I can’t go on anymore. Writing all of this it just seems to me like a futile exercise.

To whom will I leave my words? No one will preserve them; these will be just painted pages, senseless, food for the mountain goats.

It’s been a few months since I left the city, I could not go on living every day on the edge of insanity, although after so long it has become almost like a habit.

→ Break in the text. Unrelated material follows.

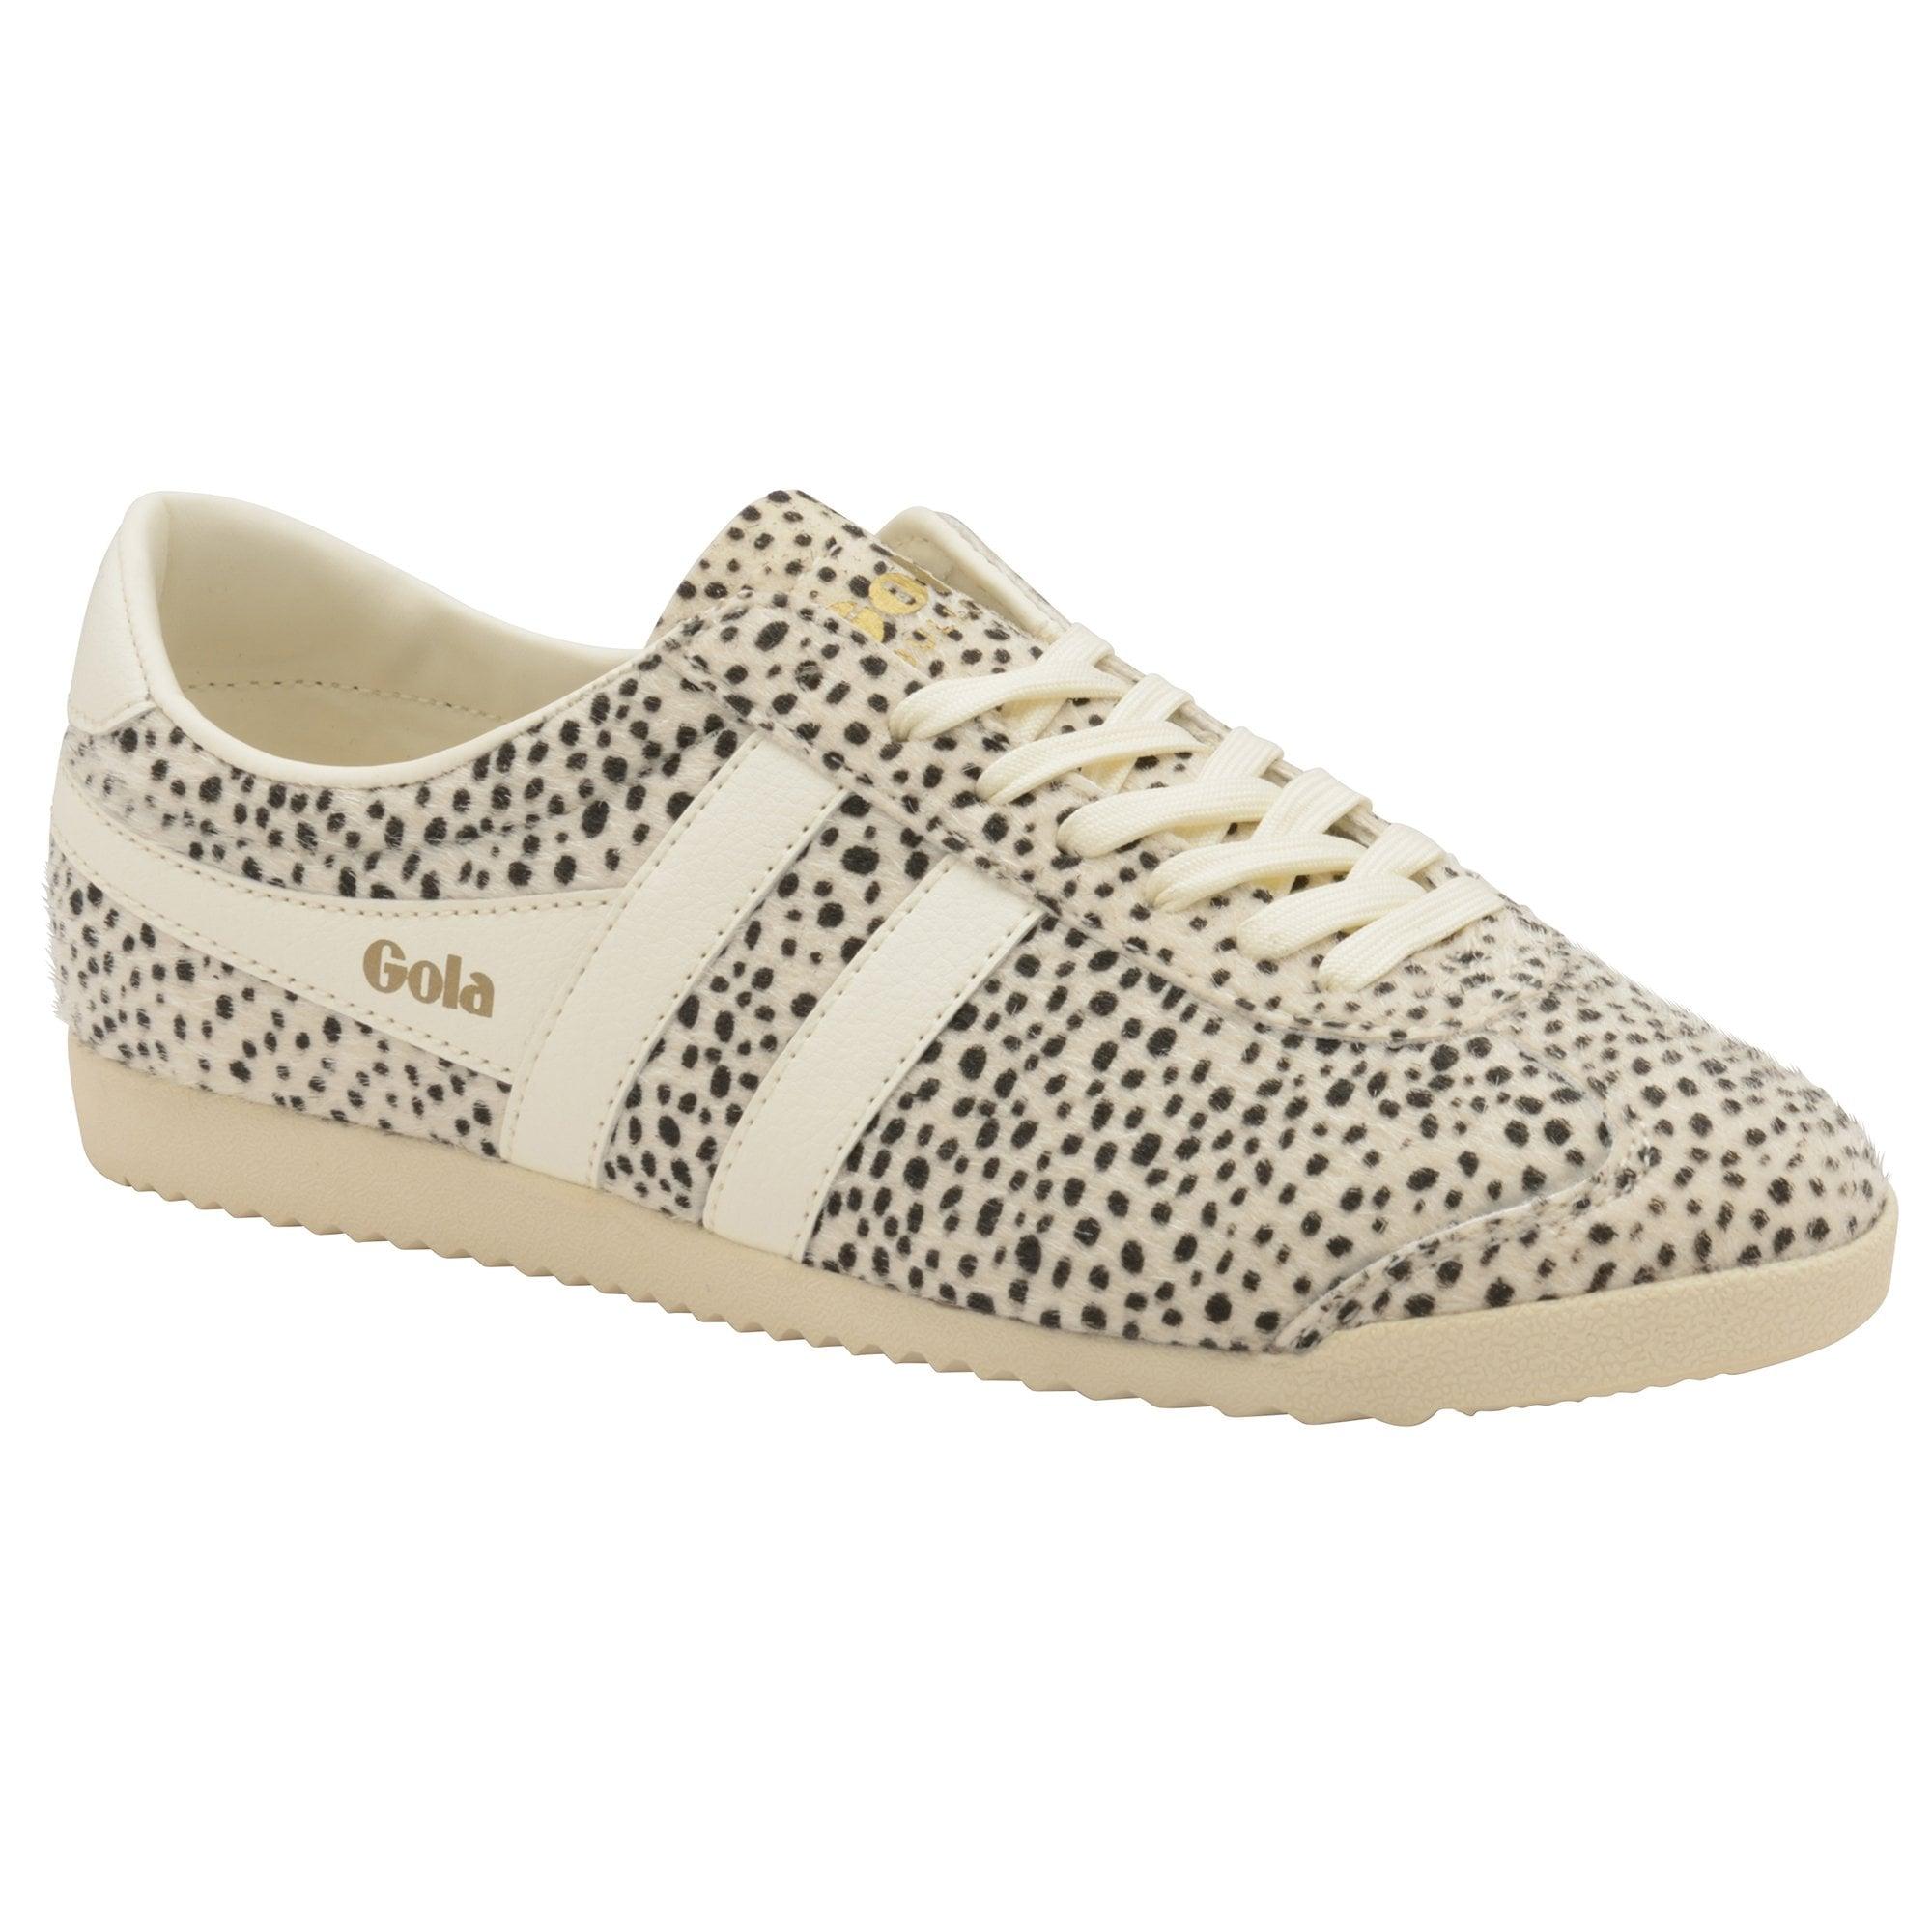 Buy Gola womens Bullet Cheetah sneaker

What was the point on staying to patrol the streets? To collect those wandering and apathetic bodies? The citizens aren’t afraid anymore, they perceive them as an inevitable part of their lives and so you see things like two girls, among the new ones, those born soon after, those who came to the world when the world was already upset, walking on the street, chatting with each other, laughing. You are doing your duty, with your black uniform, the cross-shaped pin and your nametag. A dead man comes out from the corner, staggering, all gray, he has a short-sleeved shirt and you can clearly see the signs of the cuts on his forearms and the clotted blood that poured out. Another one that couldn’t take it anymore, you think, while the girls stop. They stare at him, make a comment in disgust and then burst out laughing again, passing over, as if everything were perfectly normal. And a knot squeezes your stomach, the ice freezes your veins. Is this the world we have become?